There’s something about having all those books, CDs, DVDs, even magazines on open display. They are as much a part of your furnishings as your choice in room wallpaper or paint job; what you hang on your wall; your knickknacks; what kind of car you drive; or what you have growing in your garden. They are an integral part of what makes you, you. Its part of the show-and-tell that makes up and defines your personality; your interests; your likes and dislikes; helps define why you are unique amongst every human who has ever lived or is alive today.
Looking at a computer or an iPad tells me nothing about what the computer or iPad’s owner’s interests are. Looking at their bookshelf crammed to the brink with books, CDs and DVDs tells me volumes about the owner.

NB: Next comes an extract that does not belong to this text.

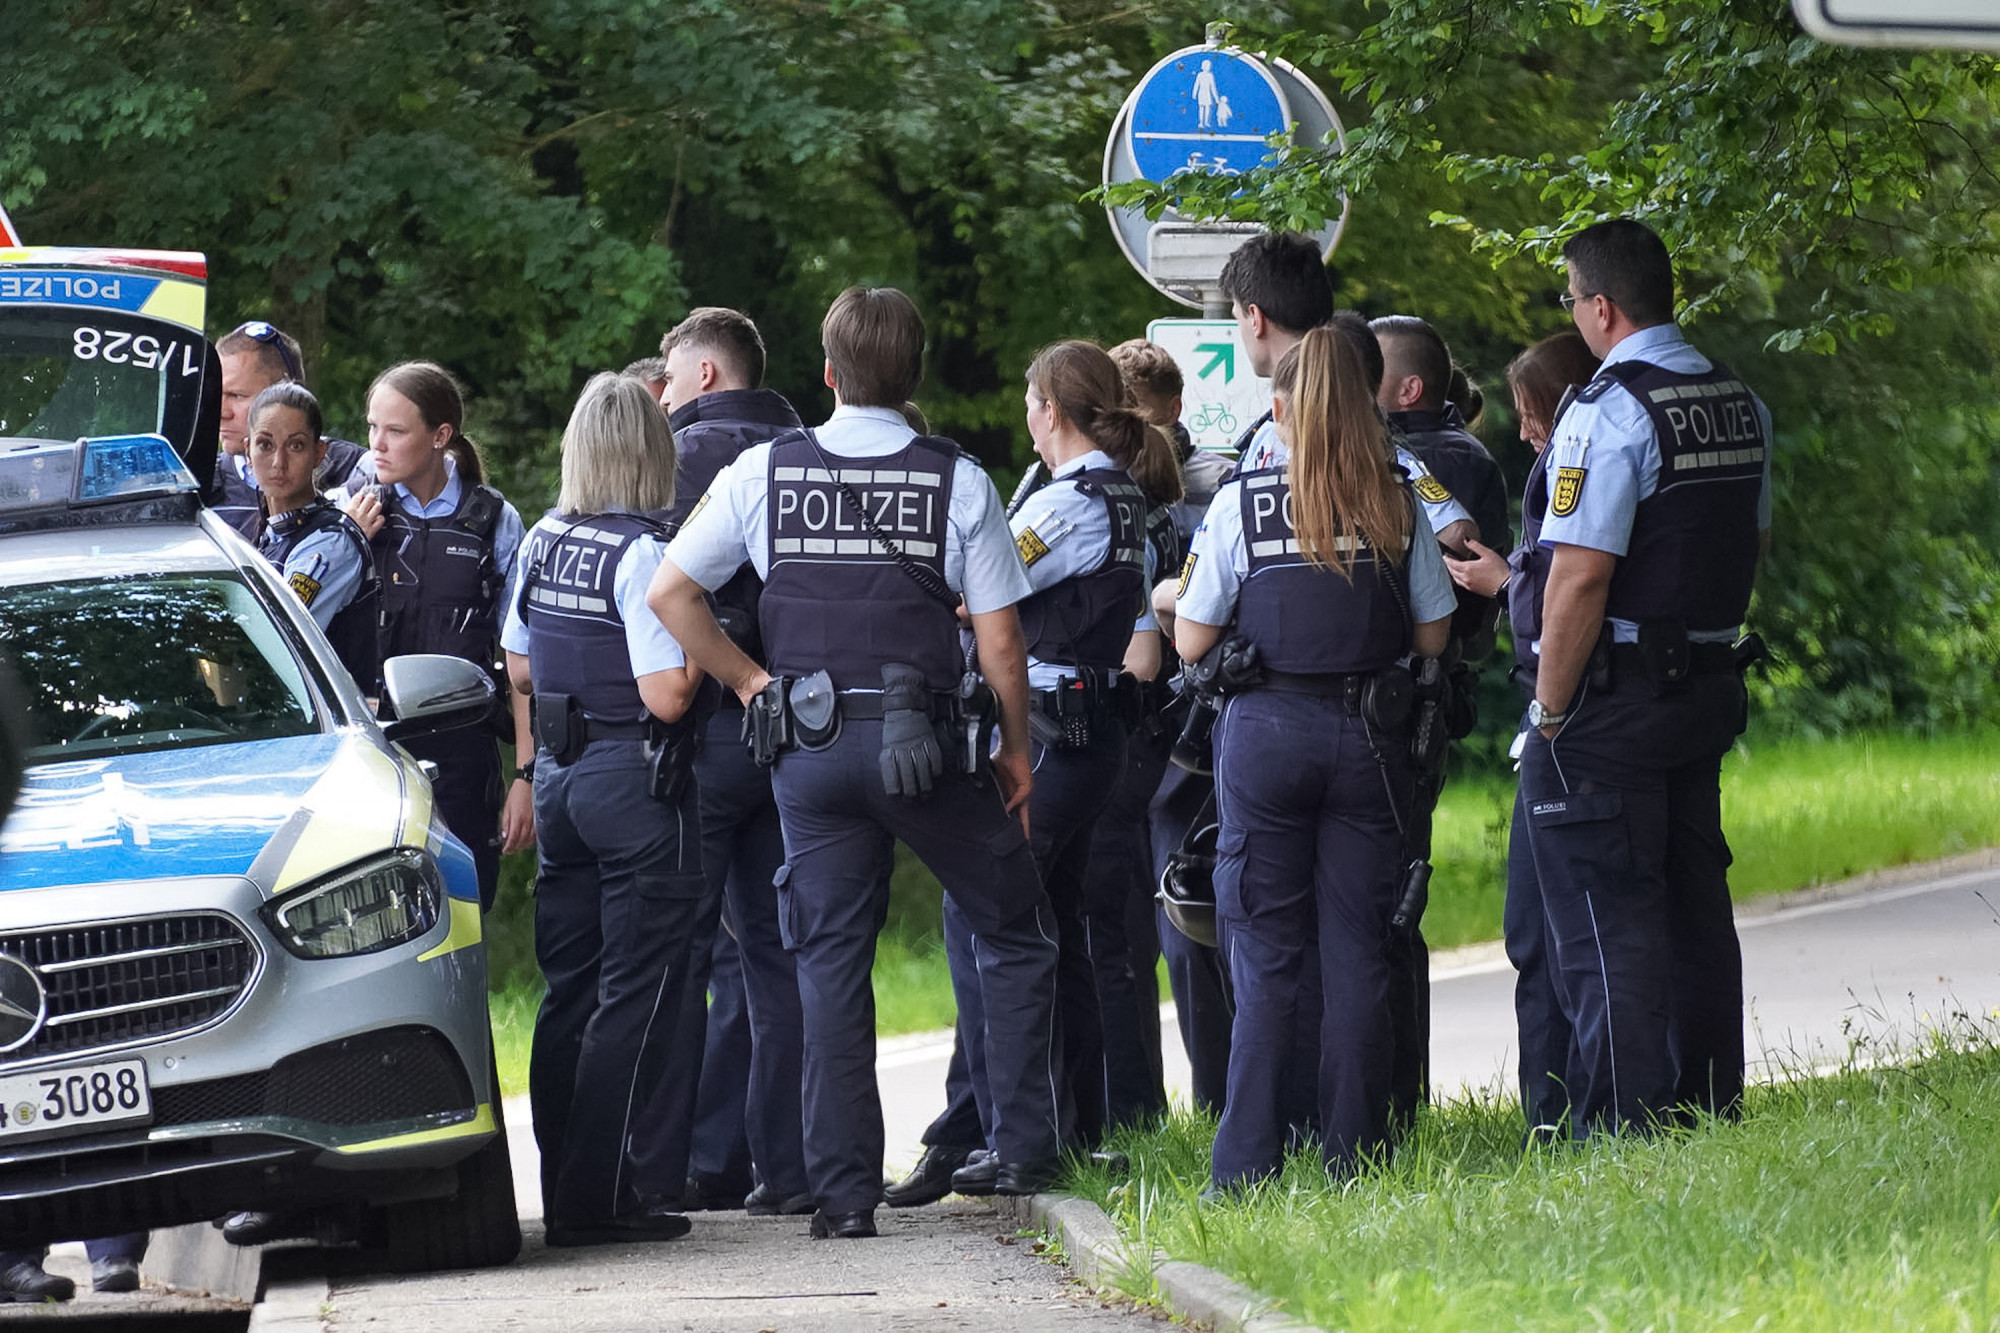 Hárman meghaltak, ketten megsebesültek egy lövöldözésben Németországban
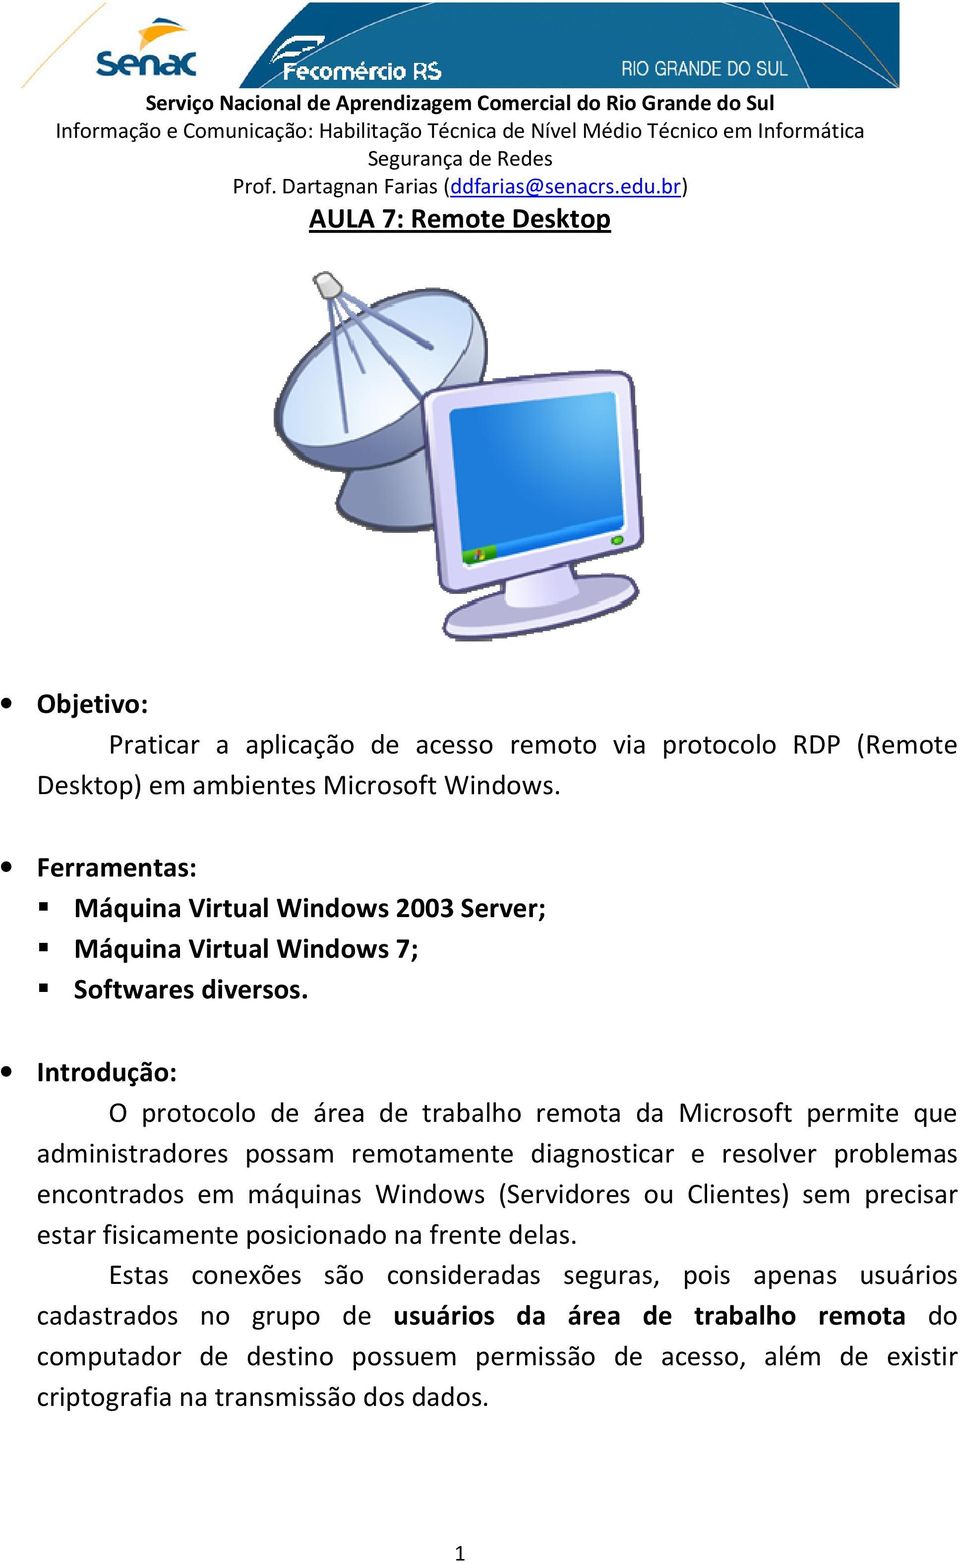 Introdução: O protocolo de área de trabalho remota da Microsoft permite que administradores possam remotamente diagnosticar e resolver problemas encontrados em máquinas Windows

Lastly, when the hard disc crashes; the power goes out; well the low-tech book keeps on keeping on. And you can’t swat a cockroach or prop up a wobbly table with your laptop! Books and other printed media are really one of history’s established long-lasting technologies; I think books (and other physical but non-print media as well) will be around for a long time to come yet, even if there are more books available to read than we have time to read them; more CDs available to listen to than we have time to hear them; more DVDs available than we have time to watch them all.
And yes, finally, I do realise that this very piece adds to the problem rather than to the solution, but then again, if you can’t beat them, join them!
Conclusion: Information overload is going to get worse before it gets better. Actually, until such time as we can evolve, bioengineer or genetically engineer a better brain thingy, there will be no improvement. Somehow we’ve got to match in parallel the exponential information increases with equivalent storage capacity in our wetware. Having the ability to search various electronic media for what we want, while extremely useful, isn’t quite the same as being able to draw off on and retrieve that same material from within our own software – our wetware.